Politico’s evening newsletter, written by Sam Stein, formerly of the Huffington Post, laments that Biden is off to a slow start.

. . . just nine Biden cabinet nominees have been confirmed so far (two today!), compared to 14 for Donald Trump at the same point in his presidency and 15 for Barack Obama.

Biden compares poorly by other measures, too. Obama had signed a signature bill into law (the Lilly Ledbetter Act) before February; Biden signed one too, of slightly lesser reach: a waiver to allow his Pentagon chief to serve. Obama’s stimulus package was passed on Feb. 17; Biden’s Covid relief bill is on track to reach his desk by March 14. Obama delivered a speech before a joint session of Congress on Feb. 24; Biden is unlikely to deliver one until March. Even Biden’s address before the Munich Security Conference came later than his first Obama era one — Feb. 7 back then, Feb. 19 this year.

My first thought was, “duh, impeachment,” and Stein mentions it a few paragraphs down — but that wasn’t as time-consuming as one might think. The House passed the article before Biden was sworn in, and the Senate trial only took four days, from February 9 to 13.

If members of Congress are grumbling about Biden’s pace, maybe they should look in the mirror. The House has only had eleven days of votes since Biden’s inauguration, and the Senate had its “district work period” last week.

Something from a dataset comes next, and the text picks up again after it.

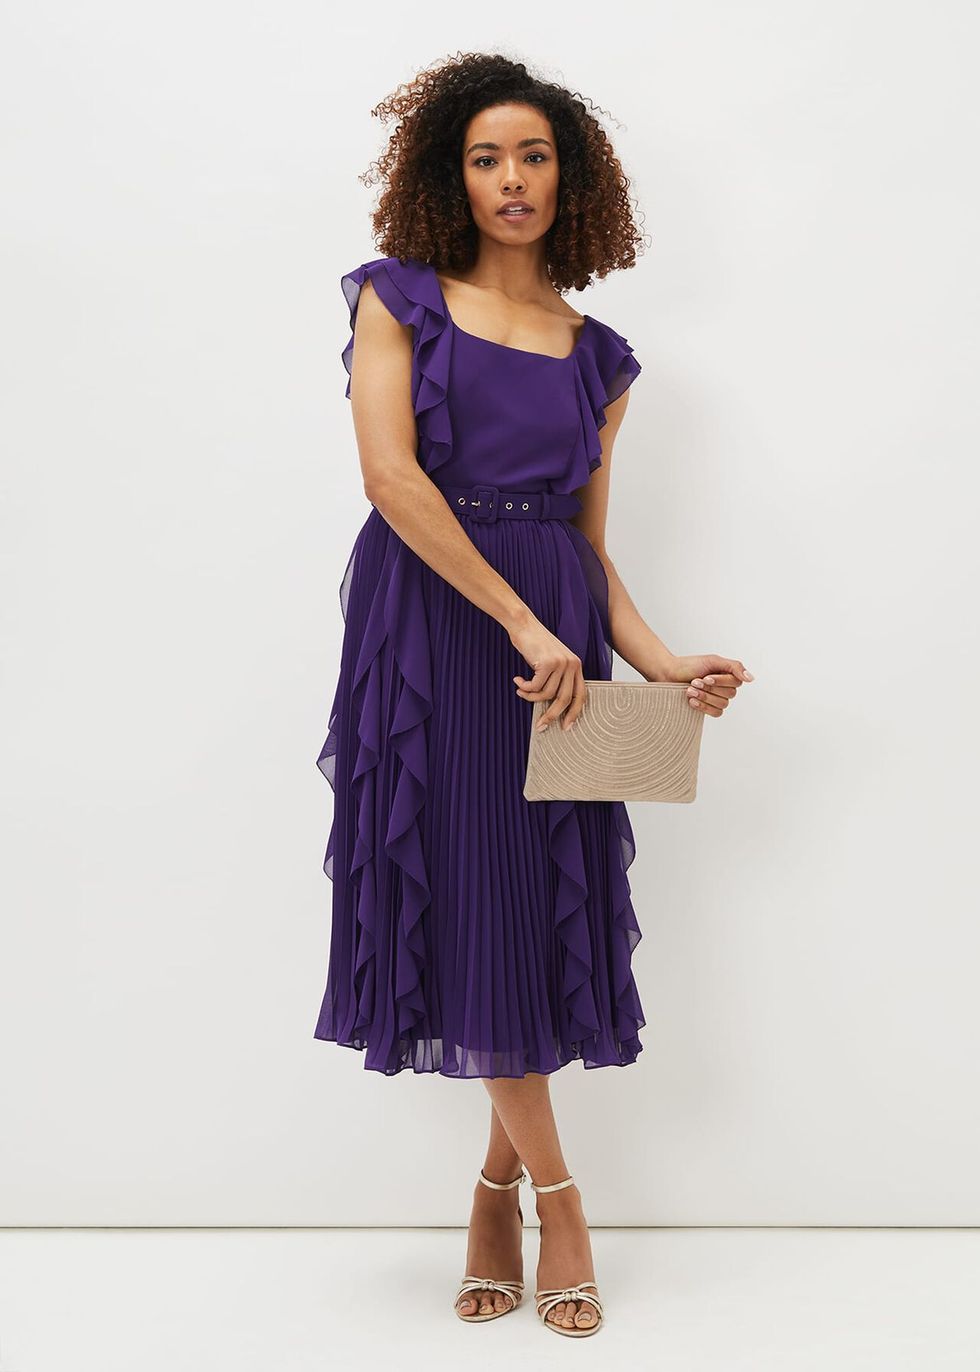 Violet pleated dress

But it’s probably fair to ask whether the Biden administration really needed to come roaring out of the gate, signing a lot of rapidly passed legislation. The single biggest problem facing the country is the pandemic and vaccinations are the solution, so the single most pressing order of business is increasing the rate of vaccinations coast to coast. The rate has generally improved, in fits and starts, despite some bad winter weather disrupting shipments and cancelling appointments (see Monday’s second item). Passing all the big-spending bills in the world won’t do Americans nearly as much as good as getting a complete vaccination into the arm of everyone who wants one.

And the other point is, I suspect the perceived slow pace of a Joe Biden presidency was part of his appeal. His debate answers are meandering, he barely campaigned in person once the pandemic hit . . . this is a deliberately low-energy president. Progressives and media shouldn’t expect him to be Barack Obama 2.0.

Imagine Starting Kindergarten in February

Schools in my neck of the woods are taking those first tentative steps toward reopening:

Masked and socially distanced, pre-K and kindergarten students in Fairfax County were set to begin in-class learning on Tuesday for a first day of school unlike any other.

Fairfax County opted to open back up for its youngest students earlier than most elementary, middle and high school students. More groups of special education students were also set to return Tuesday.

“These kids have never been in school before,” Principal Lauren Badini said. “Having them come in first and giving them the opportunity to feel comfortable then phasing in the next group is part of that measured, strategic plan.”

The classrooms are set to run under a concurrent model: Twelve students will come on Tuesday and Wednesday while another dozen watch from home, then the groups switch for the other two days.

ADDENDUM: In the best news for the Johnson brothers since they hired Robert Saleh, the FDA says the Johnson & Johnson vaccine works well:

The vaccine had a 72 percent overall efficacy rate in the United States and 64 percent in South Africa, where a highly contagious variant emerged in the fall and is now driving most cases . . . the vaccine also showed 86 percent efficacy against severe forms of Covid-19 in the United States, and 82 percent against severe disease in South Africa. That means that a vaccinated person has a far lower risk of being hospitalized or dying from Covid-19.